Mahomes has a career completion percentage of 66.1, while Tagovailoa checks in at 66.2. That's a push. But we of course need to take into account that Tagovailoa has all of 21 starts under his belt while Mahomes has exactly triple that number. So let's look at recent history. Last season, Mahomes completed 66.3 percent of his passes (tied for his career high) on 658 attempts. Tagovailoa completed 67.8 percent of his passes but only on 388 attempts.

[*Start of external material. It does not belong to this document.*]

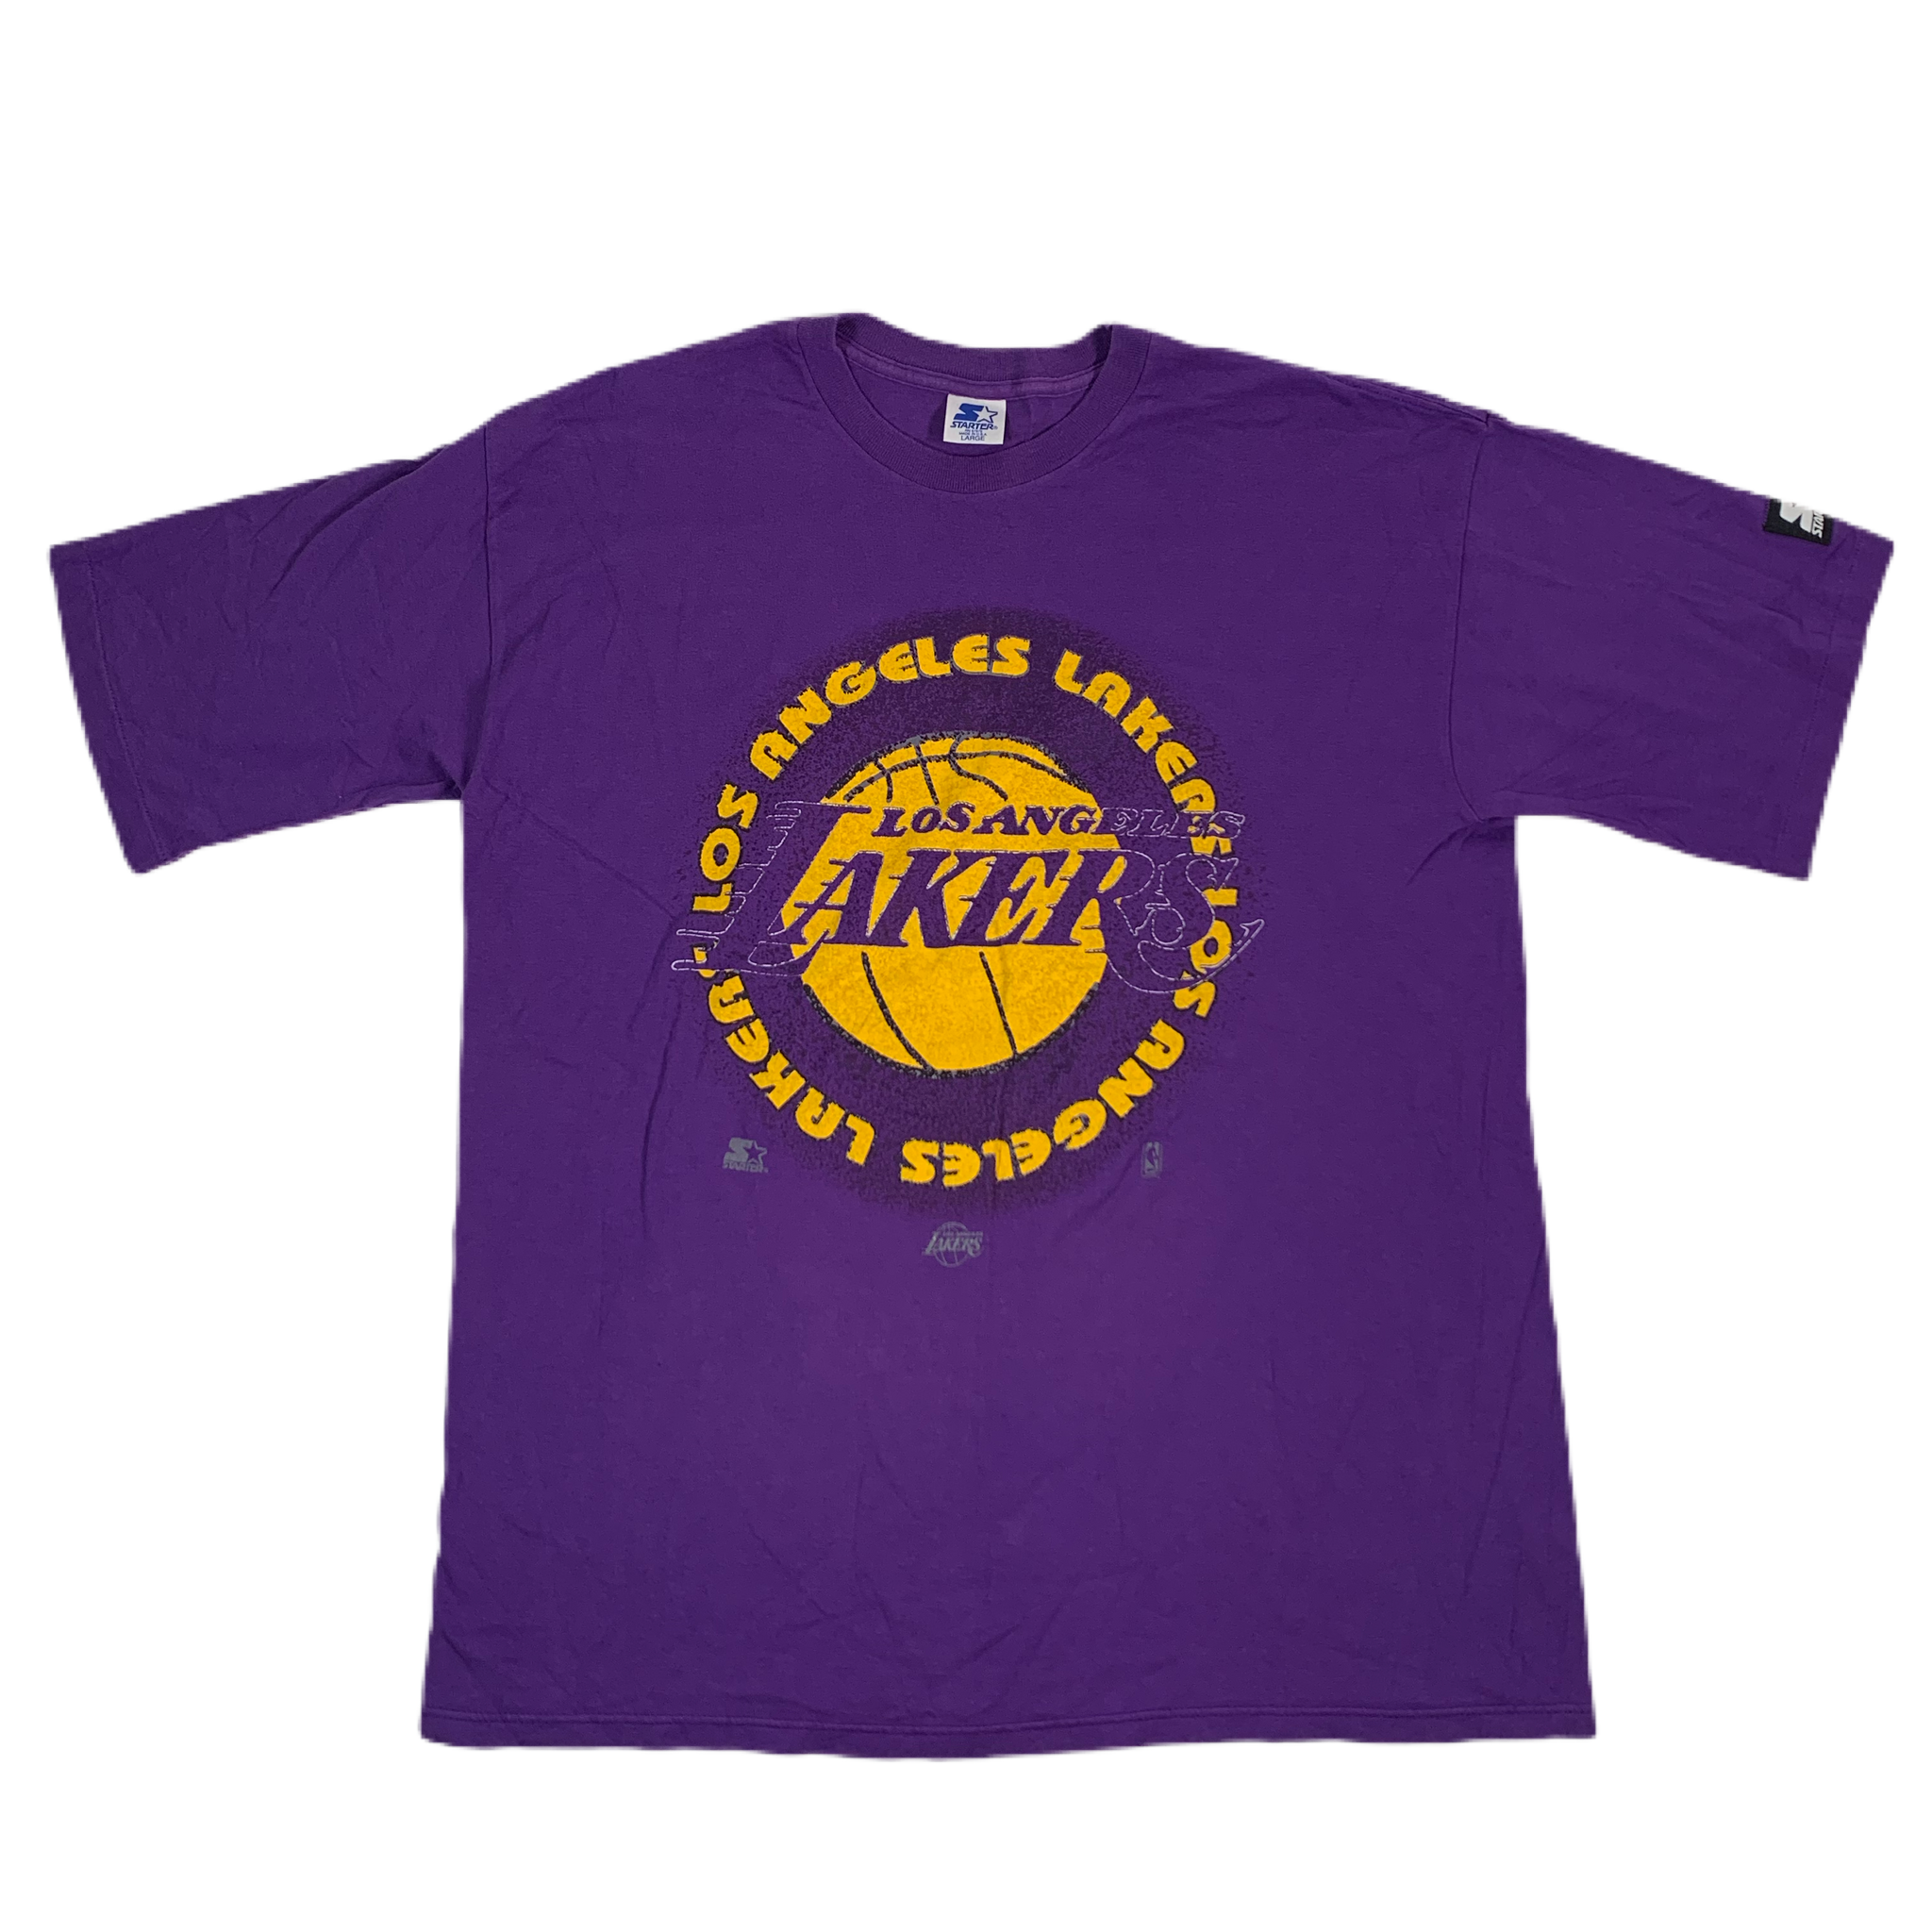 Vintage Los Angeles Lakers Starter T-Shirt

Those numbers suggest it isn't actually as crazy a thing to say as it seems on the surface. Nobody thinks Mahomes is worse than Tagovailoa. But the pair's calling cards are different. Mahomes has a rocket arm and can fit a pass into any window but has a tendency to force the issue as a result. Tagovailoa avoids those tight windows to a fault, which leads him to completing more easy passes that have a lesser impact than Mahomes' boom-or-bust attempts.
It does feel like Hill is going to quickly learn the difference between Mahomes' accuracy and Tagovailoa's. Tagovailoa is less prone to airmailing an easy path on a crossing route six yards from the line of scrimmage, but he hasn't yet shown the ability to hit his receiver in stride on a 20-yard in-route with not a lot of room for error. Hitting or missing those attempts changes the completion percentage but are far different in terms of how the win probability will rise or fall.
Conceptually, accuracy is important and Hill isn't really wrong to say this, even if he's probably just gassing up his new QB. But all that matters in the NFL is being accurate when it counts. Mahomes proved time and time again he could be. The question is if Tagovailoa can show the same talent.